## What is being asked
In the records below, find the line that contains "Pietro III come" and the line that contains "La huelga de". Set down exactly those lines and every line between them, and nothing more.

## Available data
==========

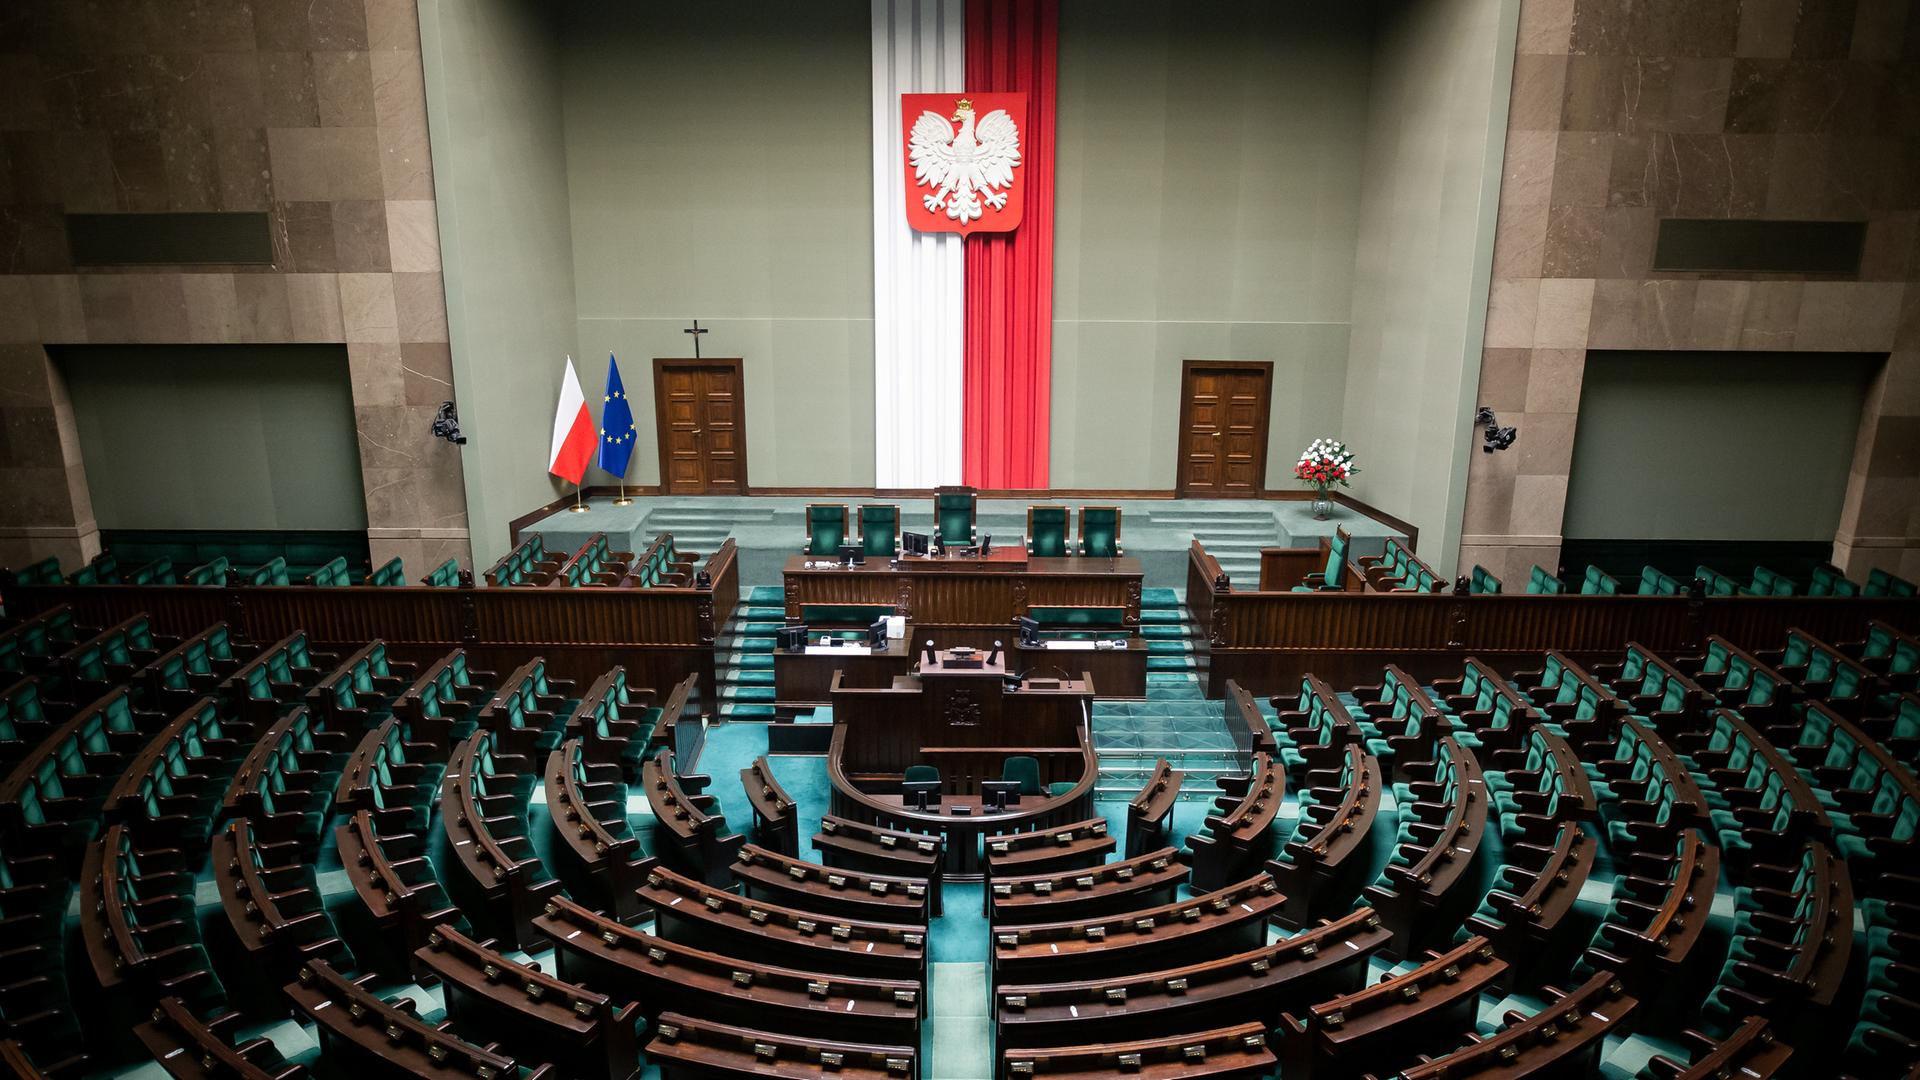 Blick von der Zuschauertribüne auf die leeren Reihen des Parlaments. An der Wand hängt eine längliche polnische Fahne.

==========

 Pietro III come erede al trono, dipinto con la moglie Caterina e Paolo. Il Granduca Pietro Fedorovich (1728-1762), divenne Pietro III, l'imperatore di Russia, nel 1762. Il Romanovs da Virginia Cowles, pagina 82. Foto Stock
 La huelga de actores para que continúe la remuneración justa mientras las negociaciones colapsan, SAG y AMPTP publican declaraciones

==========

## Solution below
 Pietro III come erede al trono, dipinto con la moglie Caterina e Paolo. Il Granduca Pietro Fedorovich (1728-1762), divenne Pietro III, l'imperatore di Russia, nel 1762. Il Romanovs da Virginia Cowles, pagina 82. Foto Stock
 La huelga de actores para que continúe la remuneración justa mientras las negociaciones colapsan, SAG y AMPTP publican declaraciones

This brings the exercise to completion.